RECORDED INFORMATION Start Marker
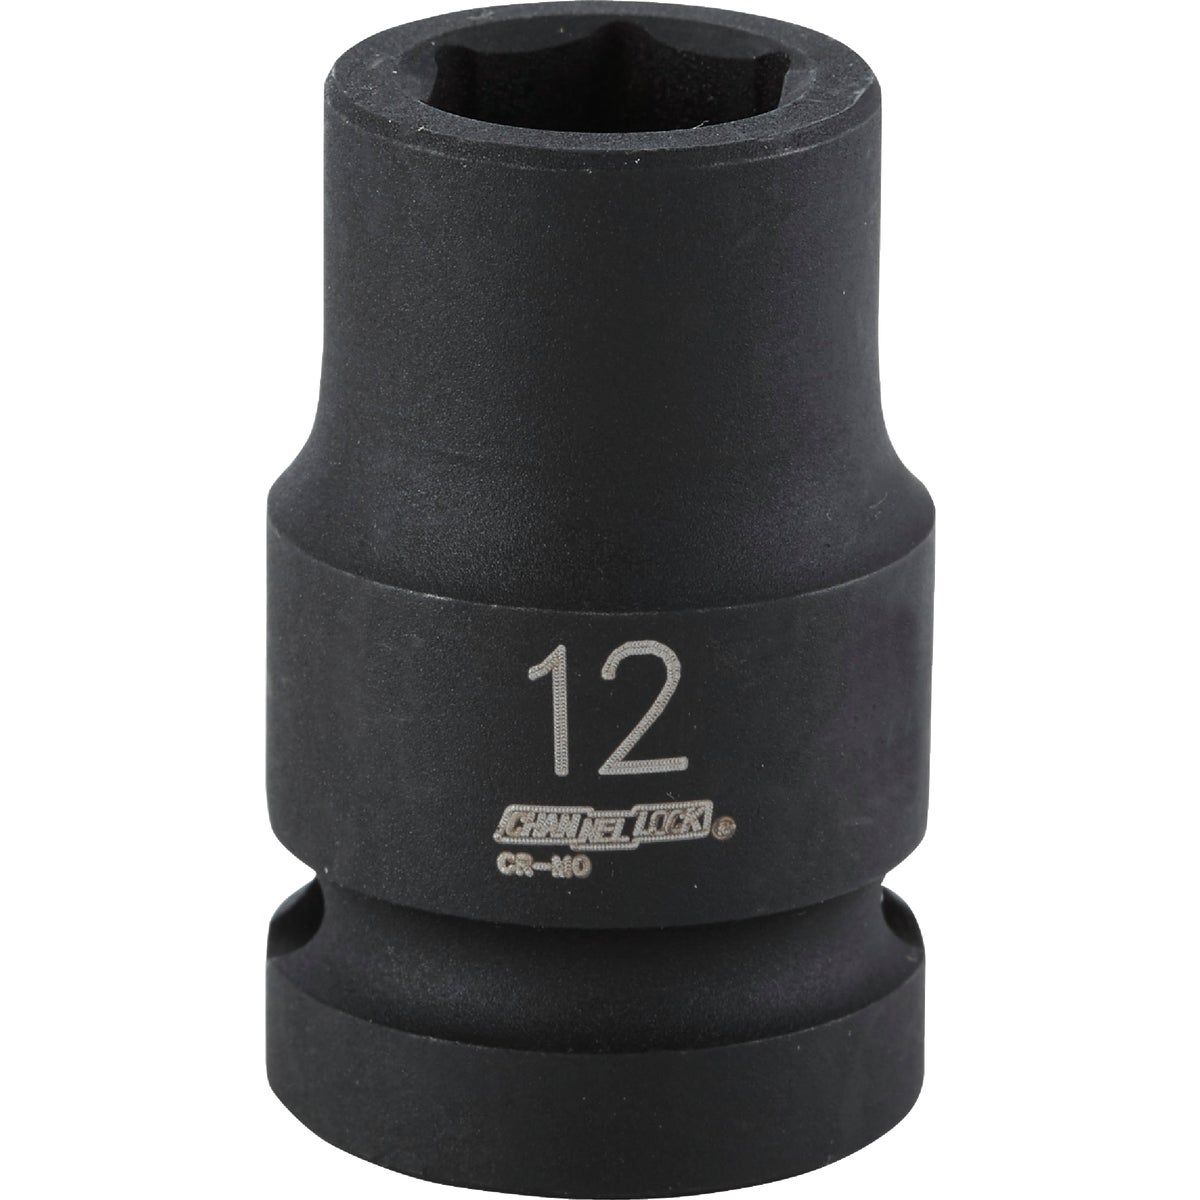 Channellock 1/2 In. Drive 12 mm 6-Point Shallow Metric Impact Socket
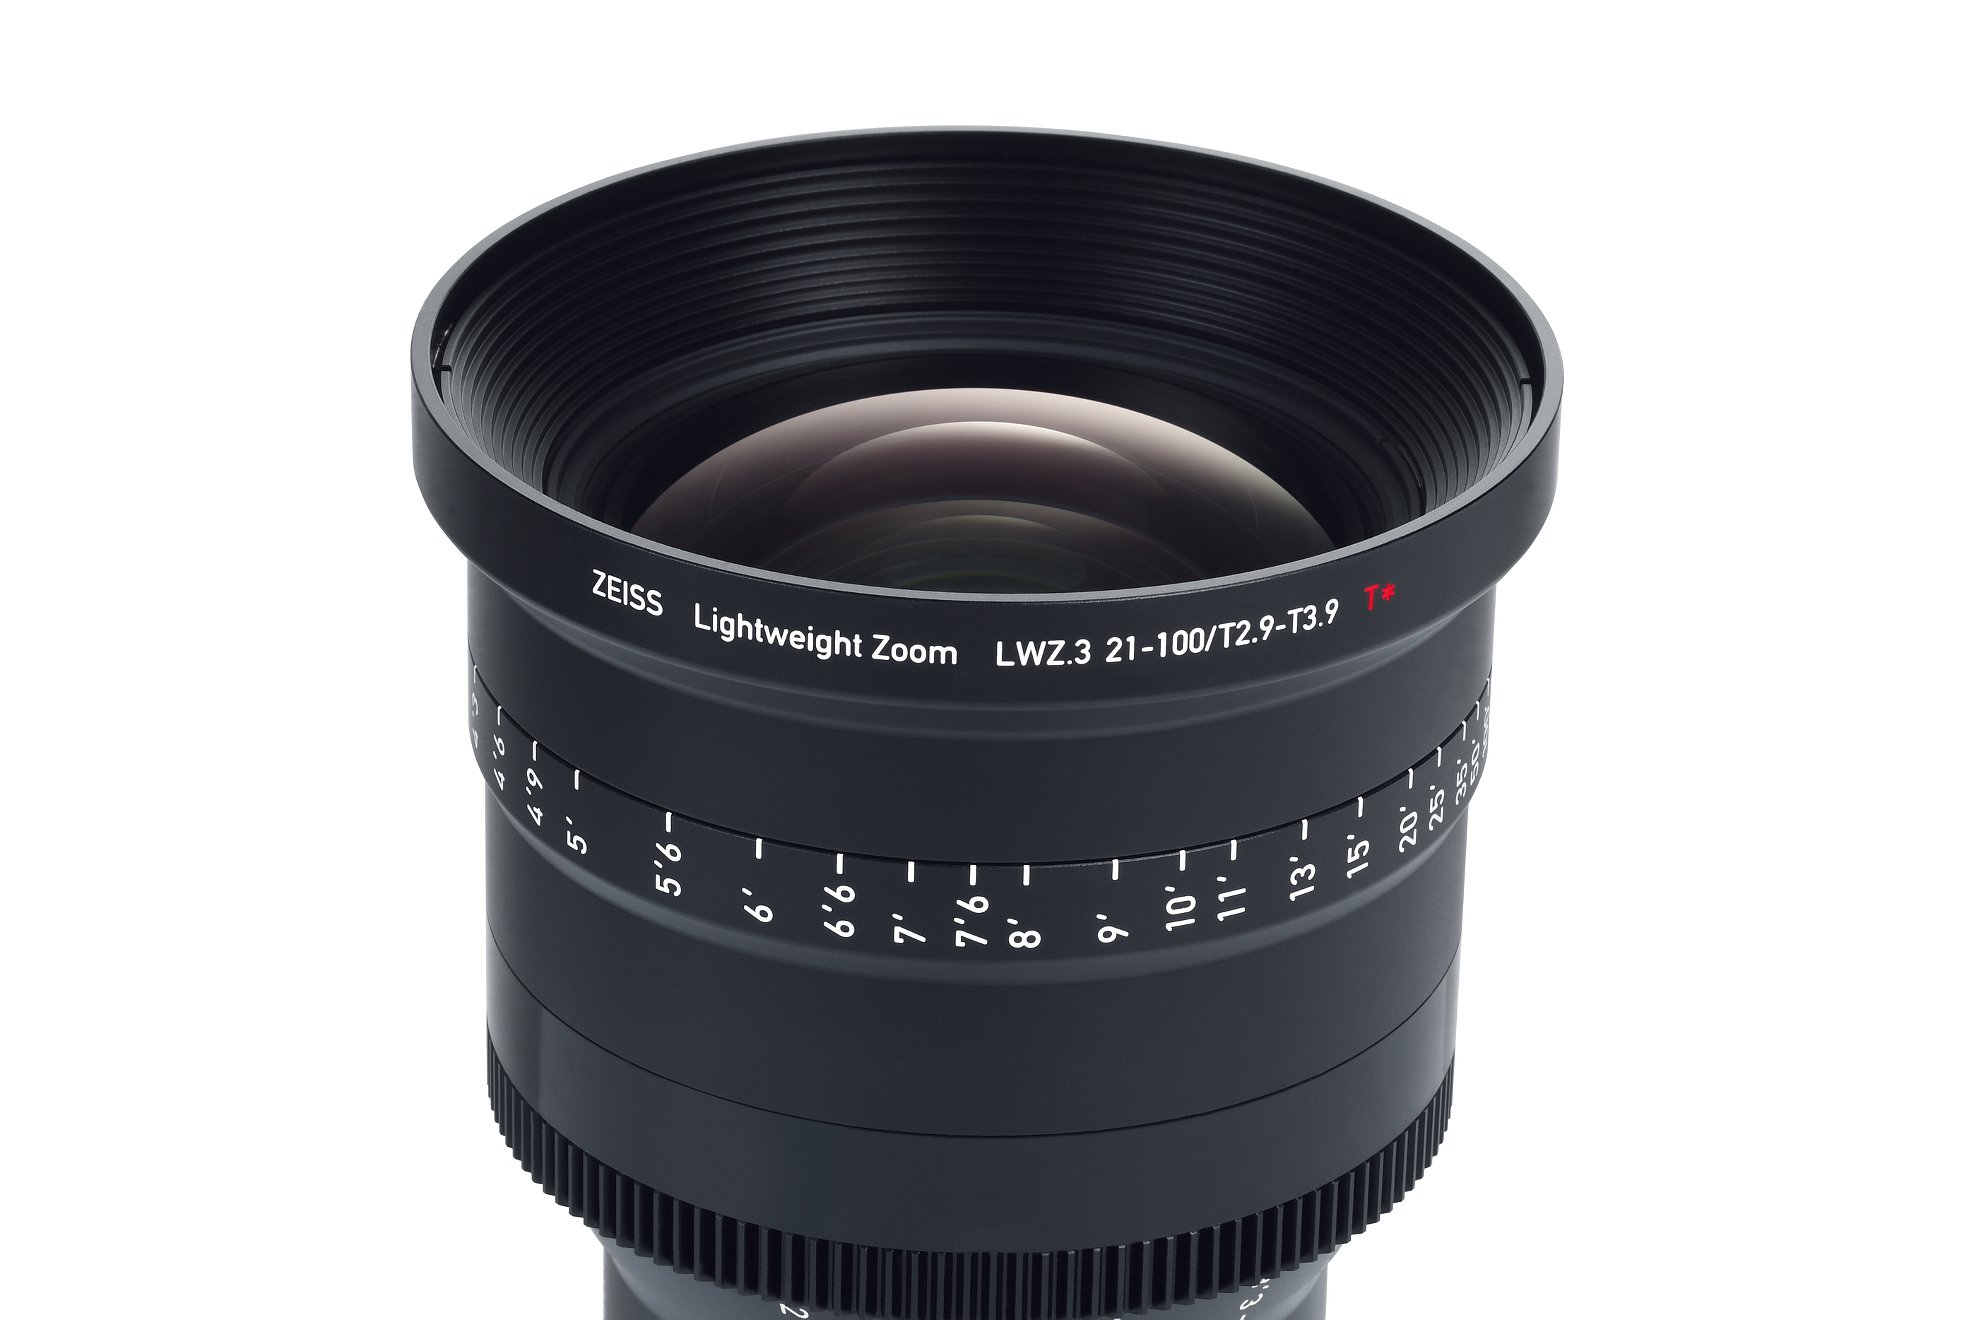 ZEISS Lightweight Zoom LWZ.3 | When you turn motion into emotion
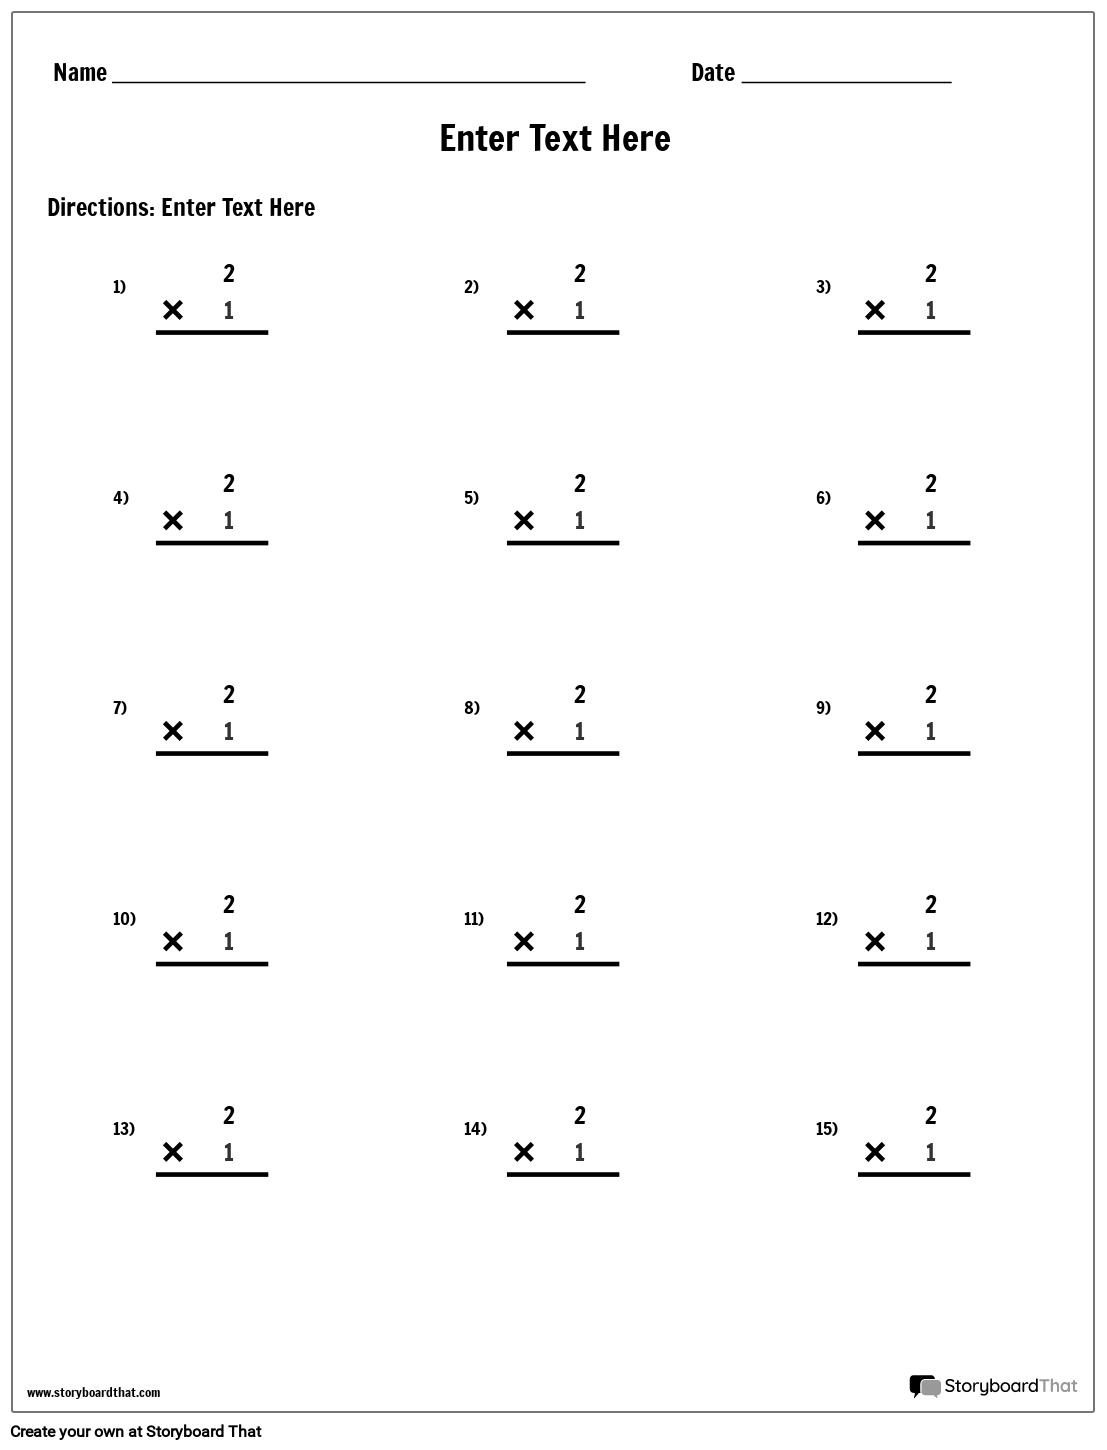 Multiplication Practice Worksheet with 15 Simple Problems
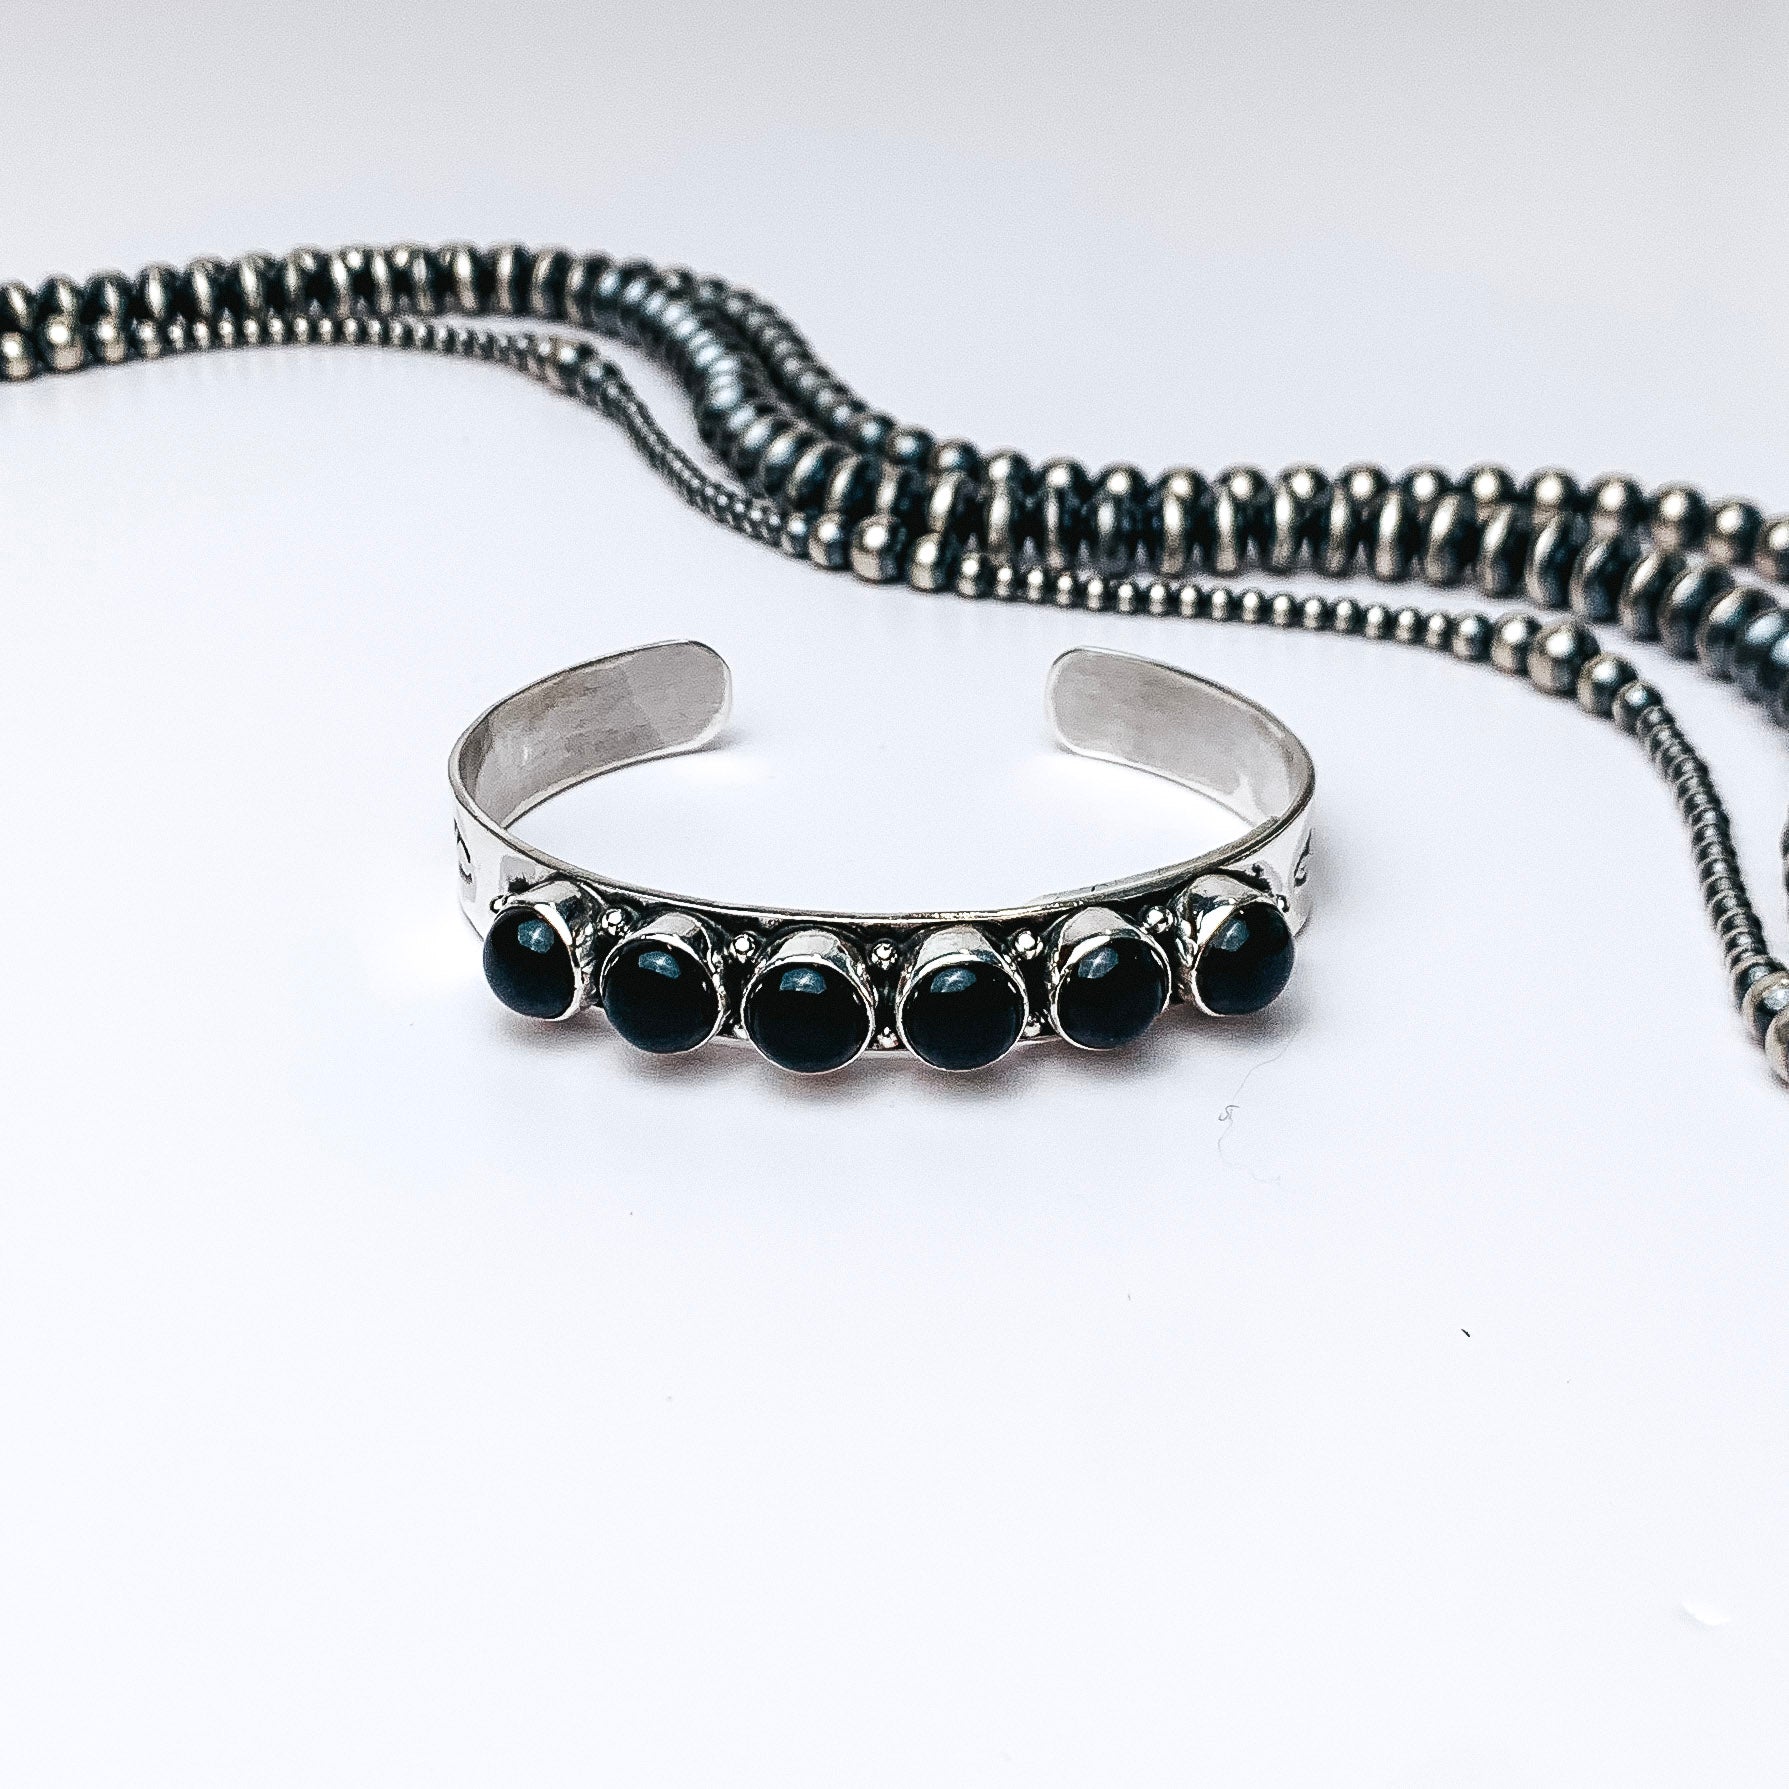 Centered in the picture is a cuff with six black onyx stones. Navajo pearls are laid above the cuff, all on a white background.
RECORDED INFORMATION End Marker
In the listing, find the line with "ZEISS Lightweight Zoom" and retype exactly from there through the last line, both included, leaving the pictures out.

> ANSWER TO THIS EXERCISE
 ZEISS Lightweight Zoom LWZ.3 | When you turn motion into emotion
 Multiplication Practice Worksheet with 15 Simple Problems
 Centered in the picture is a cuff with six black onyx stones. Navajo pearls are laid above the cuff, all on a white background.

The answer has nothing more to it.